Information shown:

-- Opening Marker --

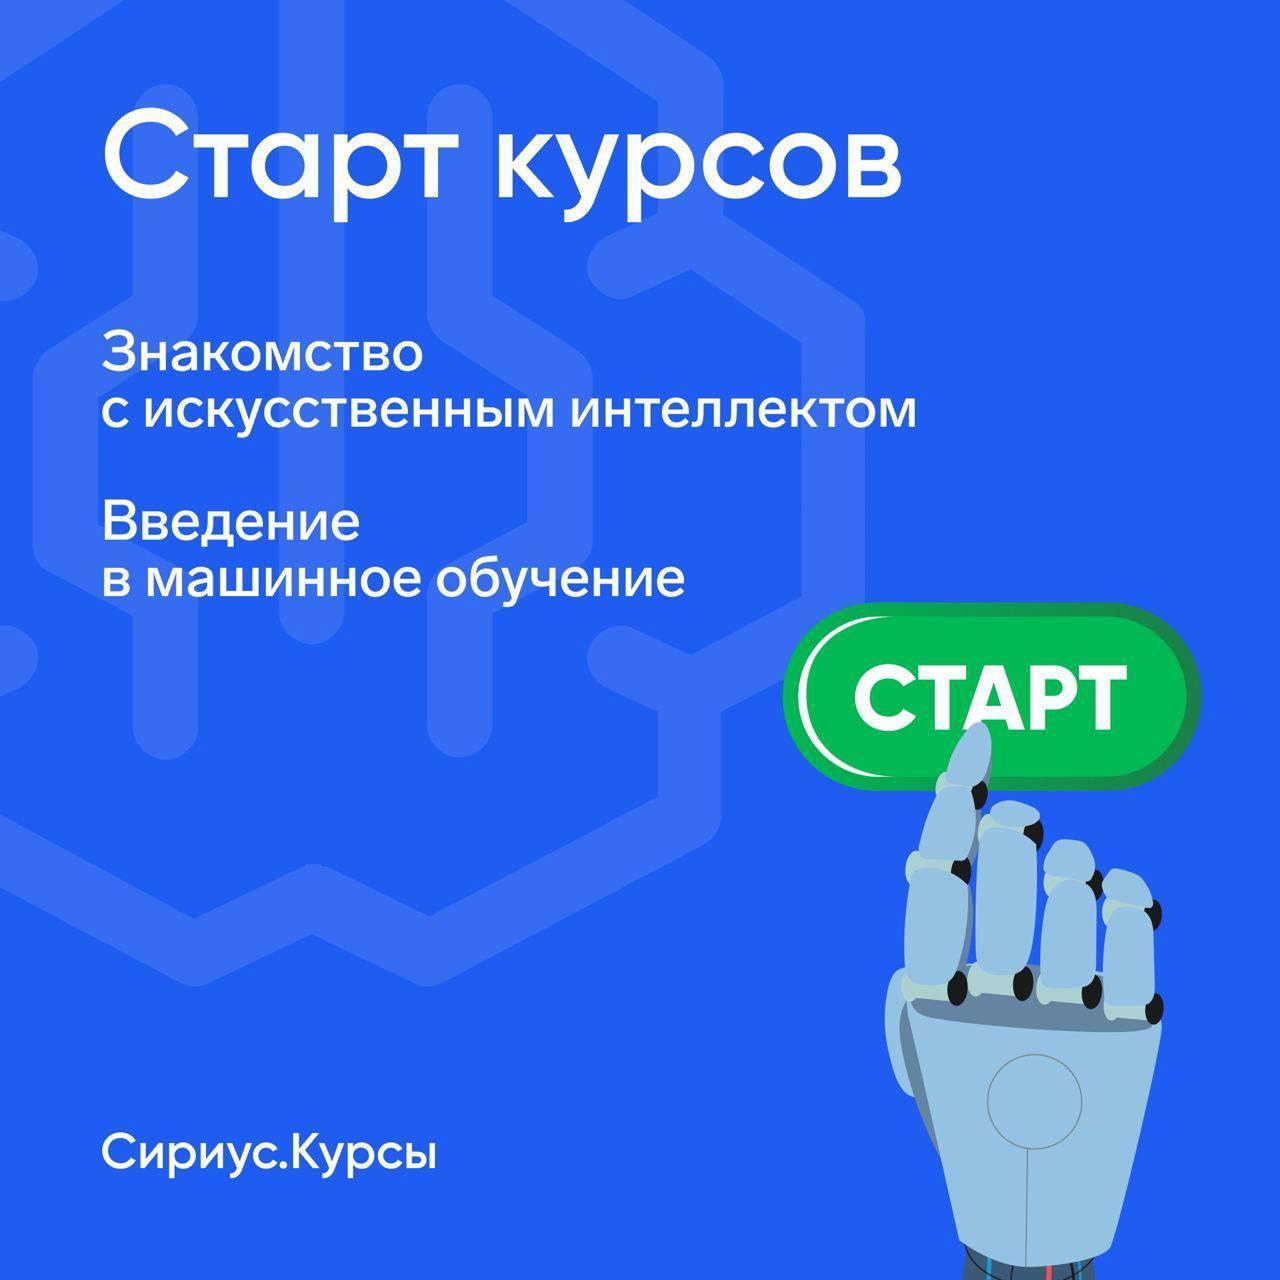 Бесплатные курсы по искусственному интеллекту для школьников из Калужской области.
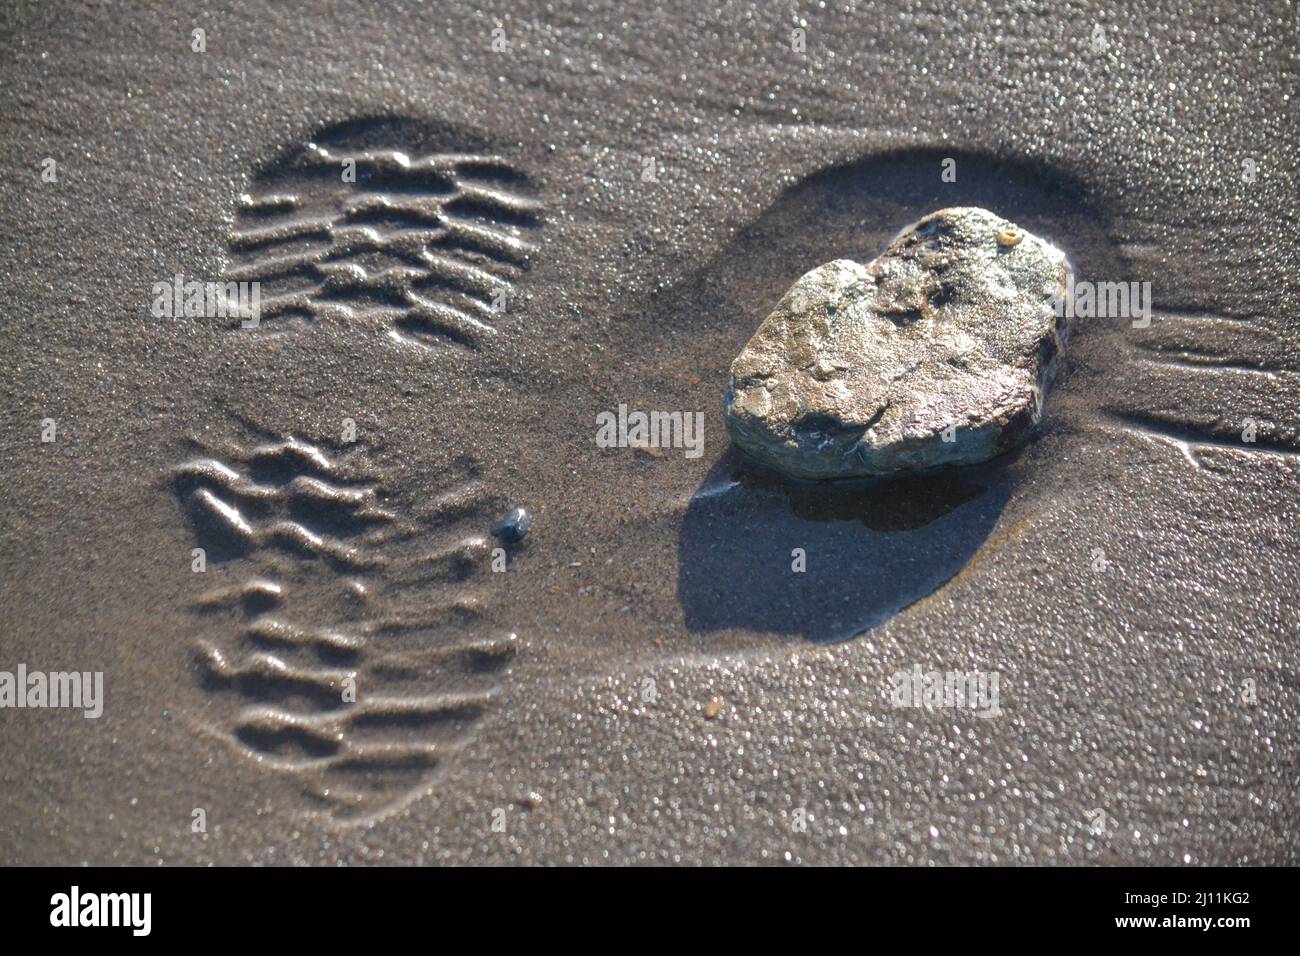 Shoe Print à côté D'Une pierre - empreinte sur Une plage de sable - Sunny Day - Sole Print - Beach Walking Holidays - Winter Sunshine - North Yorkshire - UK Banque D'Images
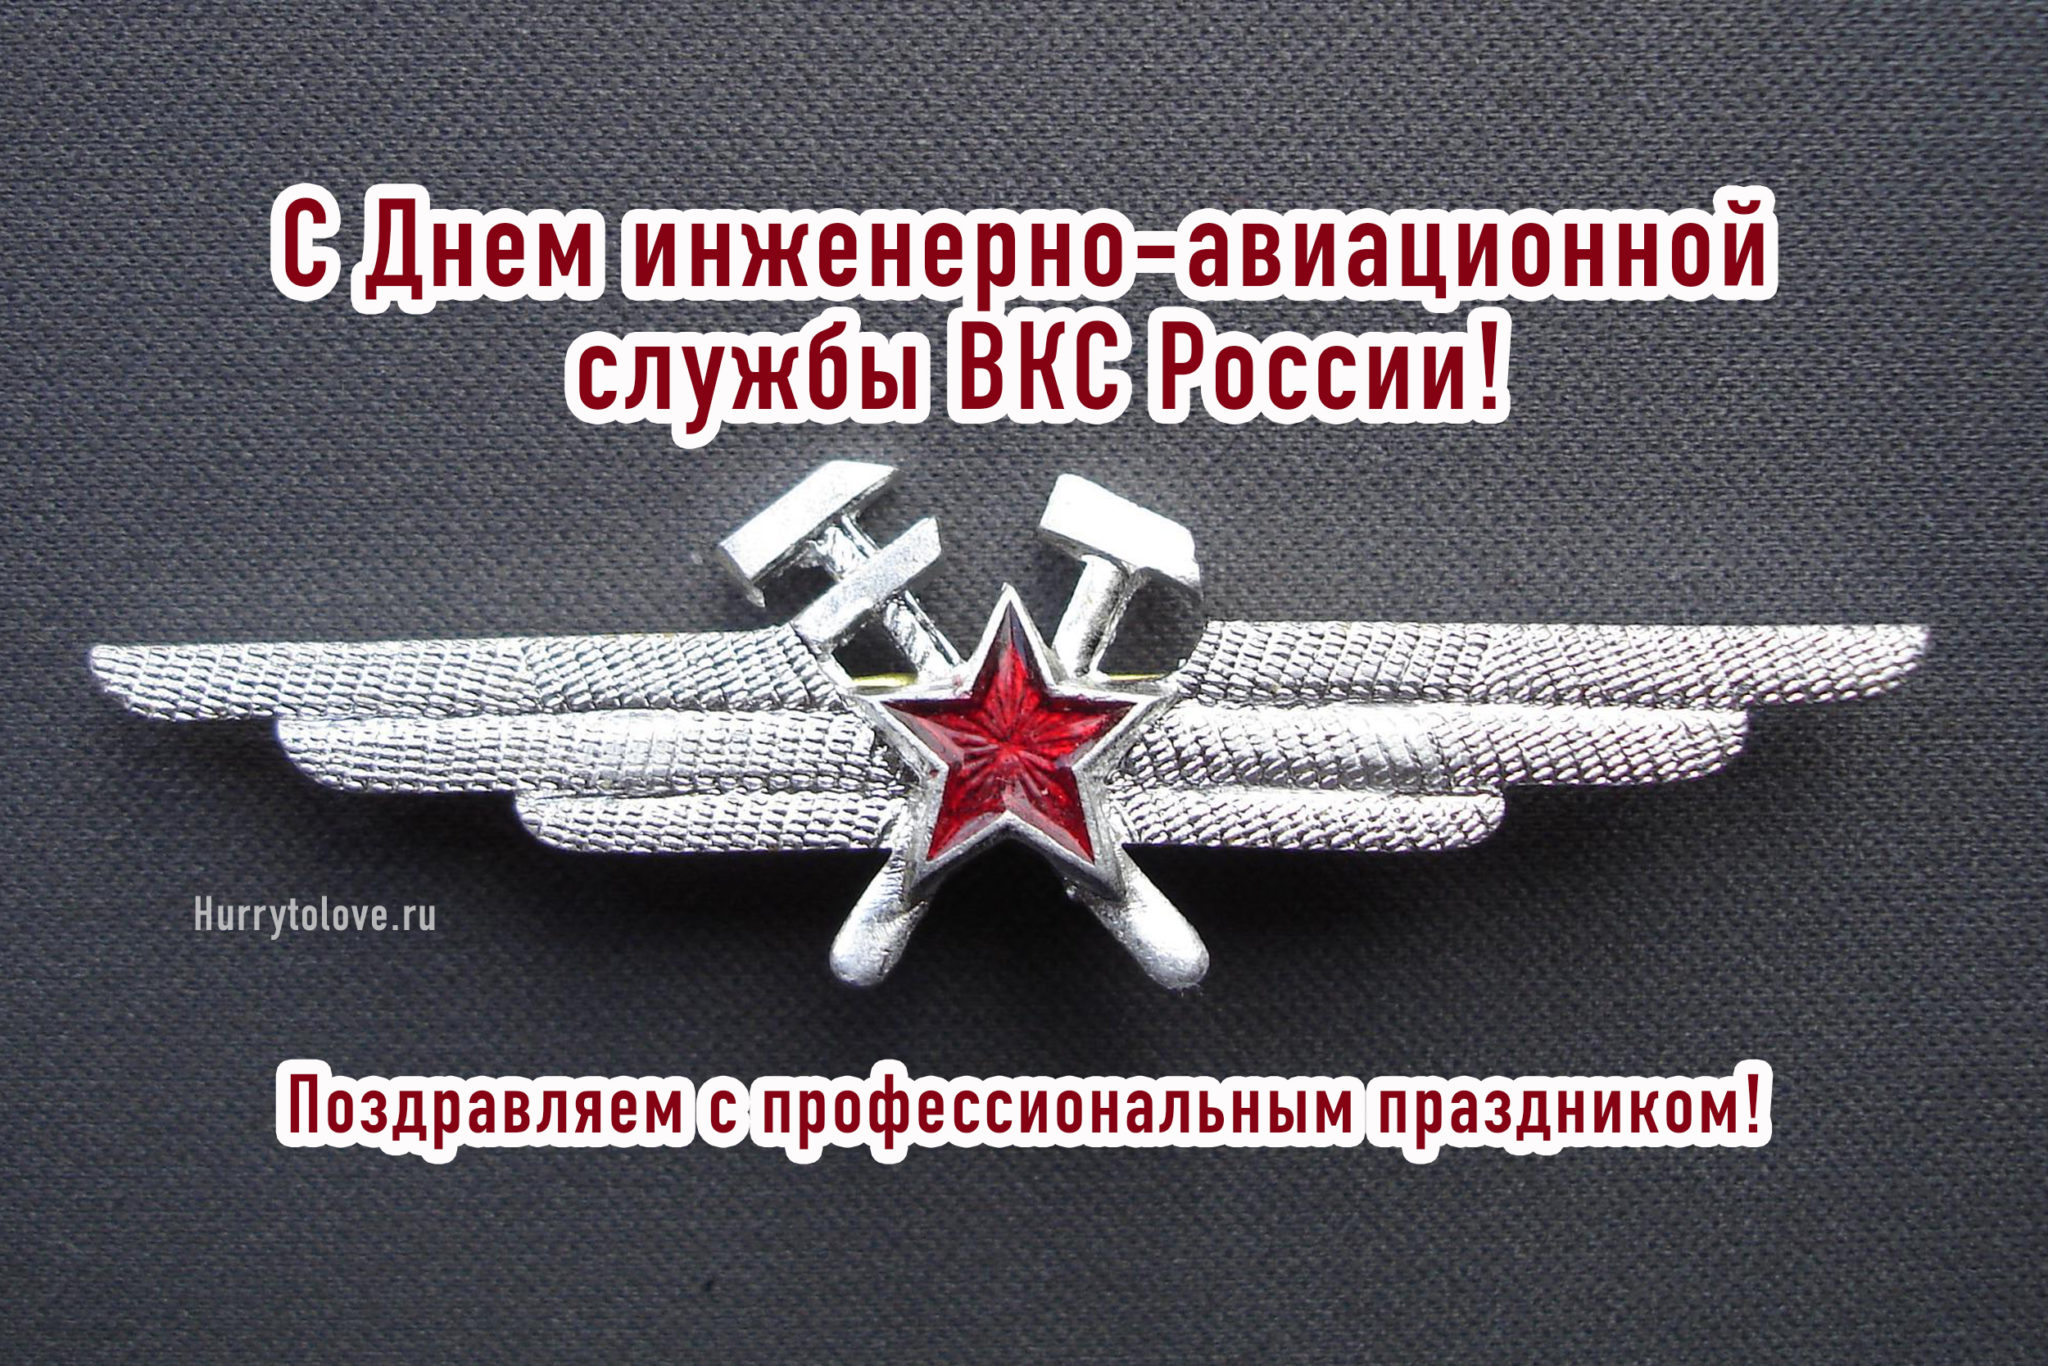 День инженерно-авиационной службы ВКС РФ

-- Closing Marker --

What you should do: Print, please, exactly the lines from the one holding "Shoe Print à" through the final line of the data, both included, while leaving out each picture.

Written solution:
 Shoe Print à côté D'Une pierre - empreinte sur Une plage de sable - Sunny Day - Sole Print - Beach Walking Holidays - Winter Sunshine - North Yorkshire - UK Banque D'Images
 День инженерно-авиационной службы ВКС РФ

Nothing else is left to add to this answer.